I don’t like girls—our big, ugly nipples,
slumber parties, cucumbers damming

our eyes—no crying about lunar bleeding,
our chromosome overdose sans the ‘Y,’

and our murderous designs against womankind
in magazines for smiling all the goddamn time.

I’m a slouch—camoflauged in boyfriend jeans,
elastic-muzzled boobs, and a noodle physique.

She’s a lady—velvet boots, earring medallions
dangling, keeps her derrière curved, always

tucked away in sugared sundresses and skirt-
train fringe that might melt in the rain.

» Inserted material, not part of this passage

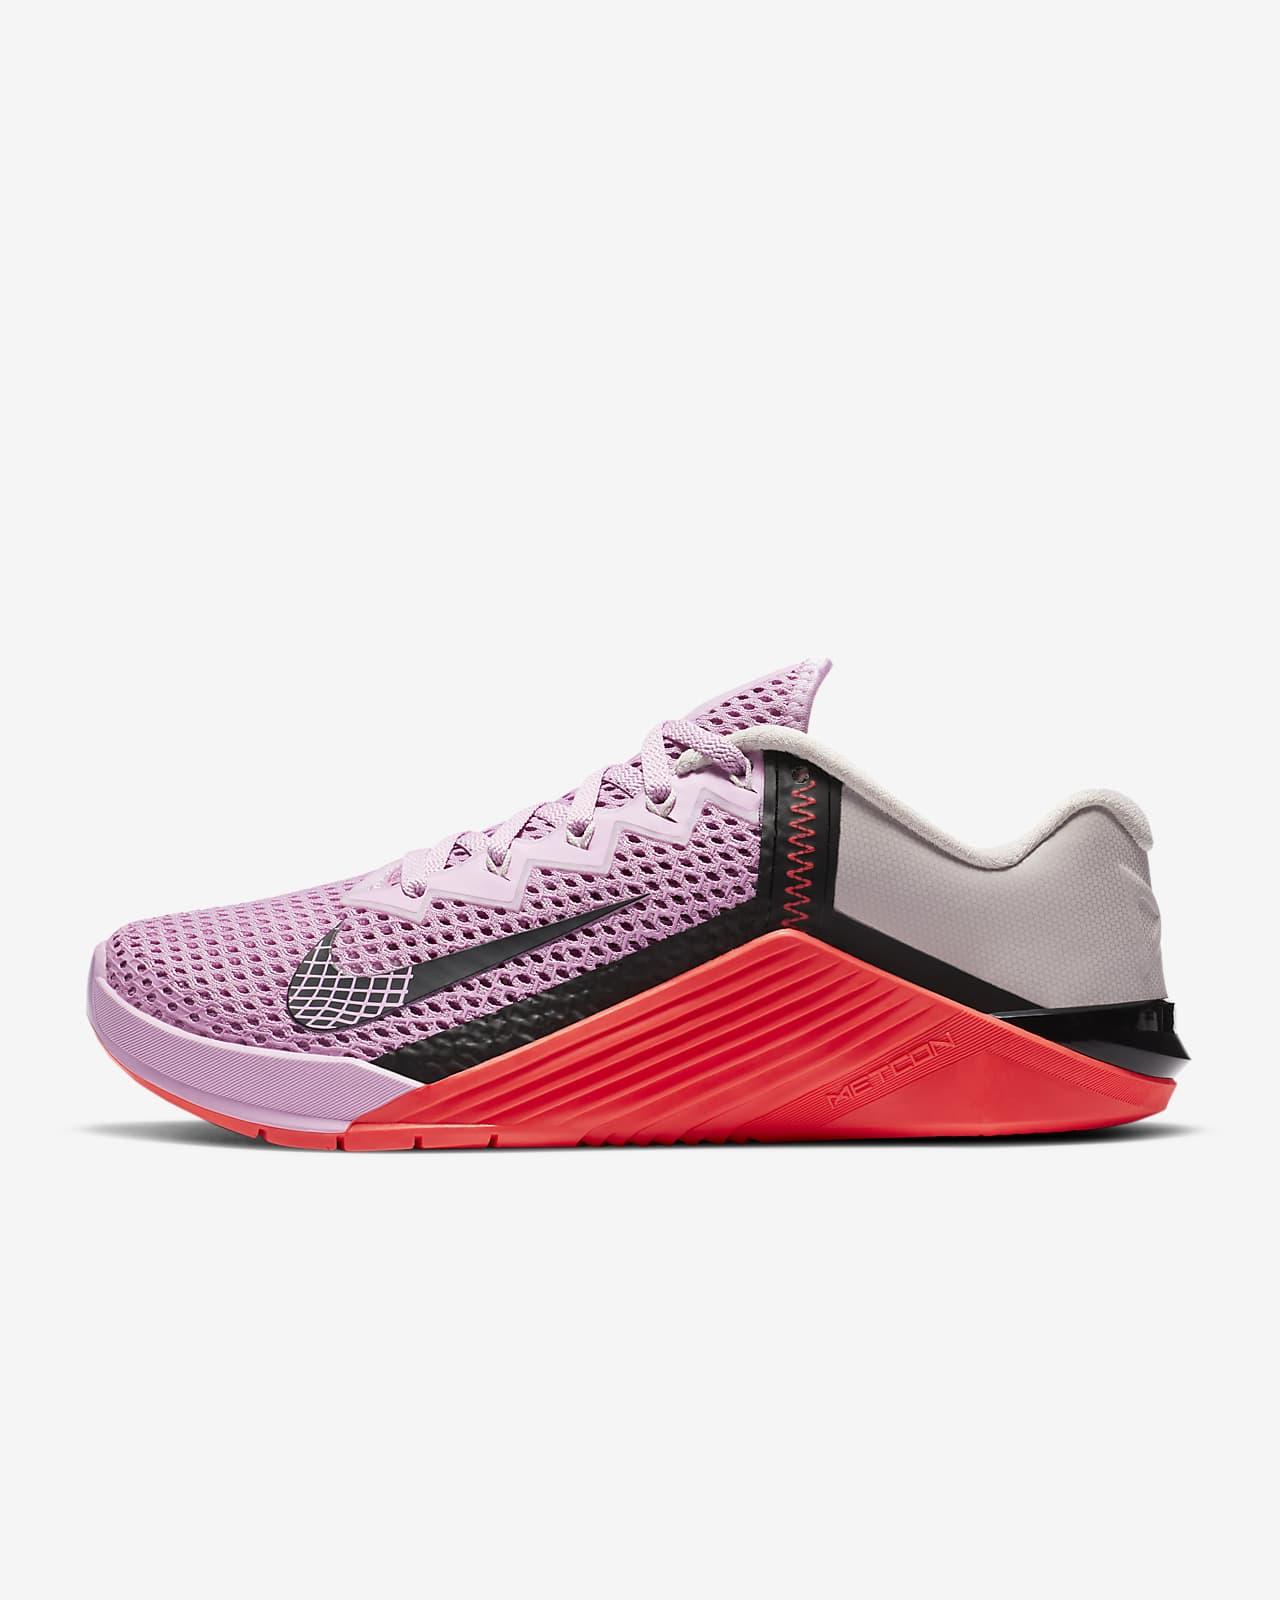 Nike Metcon 6 Damen-Trainingsschuh

Curls pinned in pouf. Mane slung sideways,
not quite dusting ankle but,

 oh, if she’d unleash
the wild—roar like she did that Sunday night,

after three whiskeys and an oyster dozen,
she unbuttoned once, breathing in my ear,

Baby, it’s a warm October, from two tables over,
slipping off her jean jacket and not needing

to make eyes with me like we do on Tuesdays
across the classroom. She lingers, unblinking,

mascaraed bivalves, widening to figure out
if it’s my jitterbug fingers or feet ker-thumping.

I square her gaze and I don’t know why
I think she’s waiting for me to cry already.

I should tell her—I don’t love—I shiver
even in summer, my heart hummingbirds,

flies backwards, dreams of her
strutting across the room,

wielding her oyster fork
poised to pluck out my eyes,

slurping while she excavates
the raisined pearls inside.


Nadia Sheikh is a first-year MFA student at Florida State University, a rhyme enthusiast, a waffle connoisseur, a human.